Below is background information.
--------------
Below is an example working directory.
$ cd
/oasis/scratch/trestles/ogce/temp_project/gta-work-dirs/TEST_8b10aa04-
95c3-4695-af77-d3b3987c7ef9/
$ ls -tlr
total 20
drwxr-xr-x 2 ogce sds128 4096 Dec 23 07:17 output
-rw-r--r-- 1 ogce sds128 831 Dec 23 07:39 1203922204.pbs
-rw------- 1 ogce sds128 28 Dec 23 07:40 Gaussian.stdout
-rw------- 1 ogce sds128 663 Dec 23 07:40 Gaussian.stderr drwxr-xr-x
2 ogce sds128 4096 Dec 23 07:47 input
The names of these subdirectories are specified in Constants.java (as
OUTPUT_DATA_DIR_VAR_NAME and INPUT_DATA_DIR_VAR_NAME). Below are the
files in the GFAC module that use these two constants.

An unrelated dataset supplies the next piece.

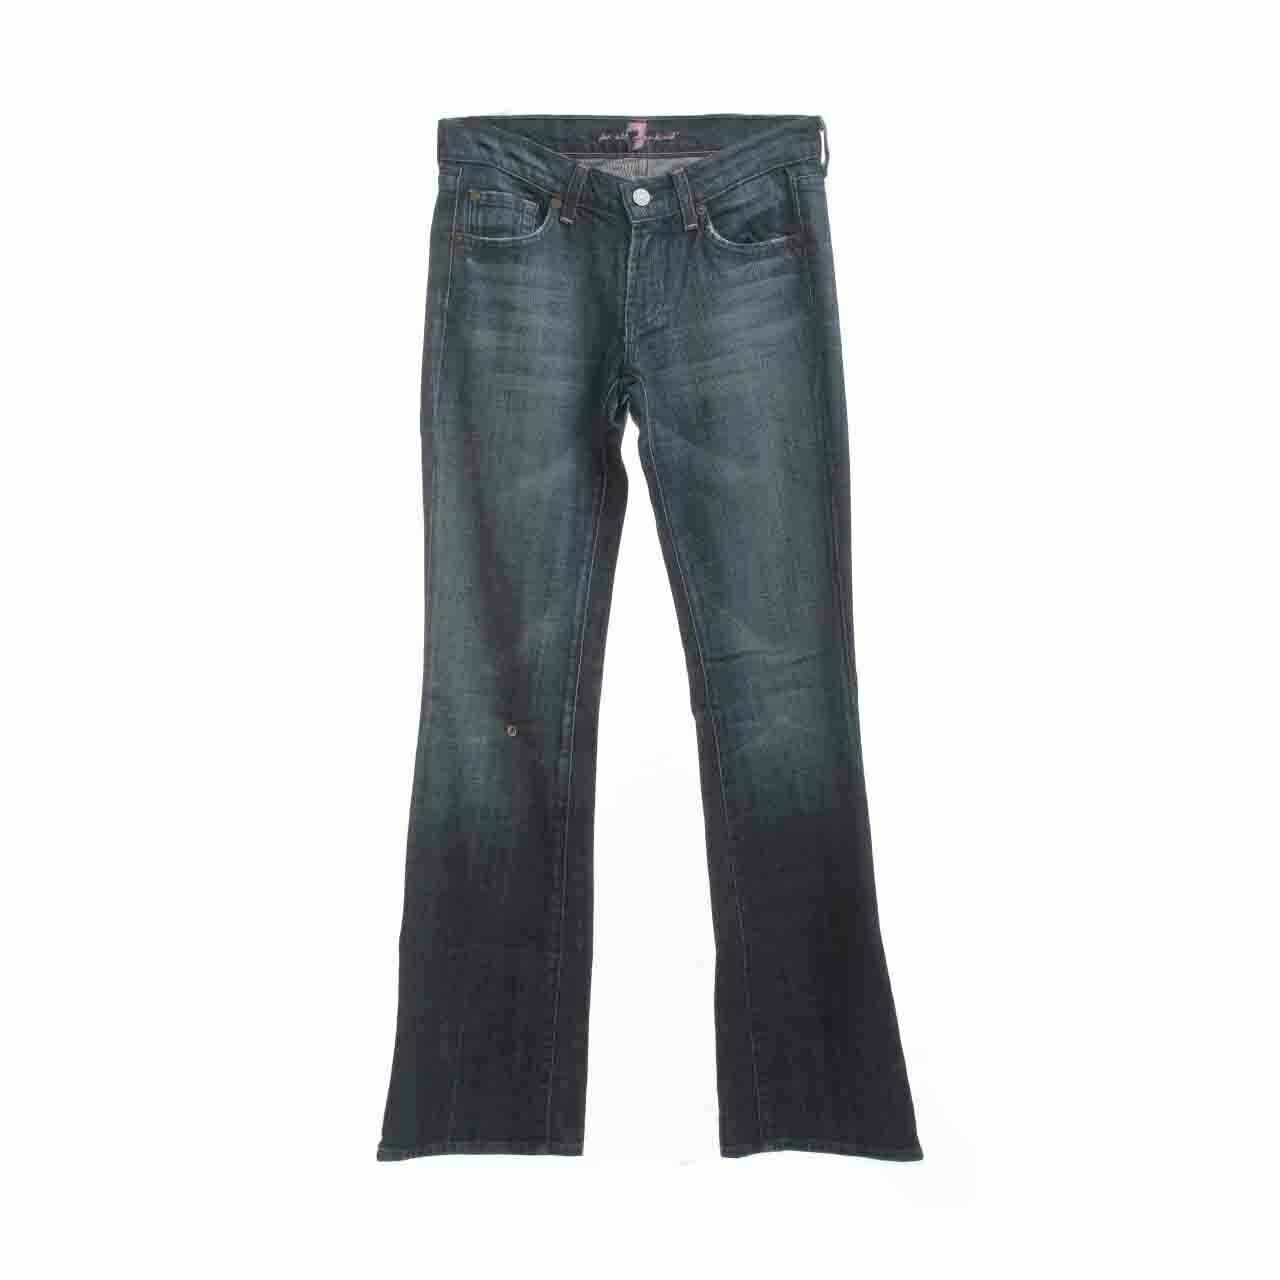 7 For All Mankind Navy Long Pants Jeans

$ find ./modules/gfac -type f -exec grep -il "OUTPUT_DATA_DIR_VAR" {}
\;
| grep java|grep -v target
./modules/gfac/gfac-core/src/main/java/org/apache/airavata/gfac/Consta
nts.java
./modules/gfac/gfac-core/src/main/java/org/apache/airavata/gfac/core/c
pi/BetterGfacImpl.java
./modules/gfac/gfac-gram/src/main/java/org/apache/airavata/gfac/gram/u
til/GramRSLGenerator.java
./modules/gfac/gfac-local/src/main/java/org/apache/airavata/gfac/local
/provider/impl/LocalProvider.java
./modules/gfac/gfac-ssh/src/main/java/org/apache/airavata/gfac/ssh/pro
vider/impl/SSHProvider.java
So we would need to clean these up if we remove the constants.
Marlon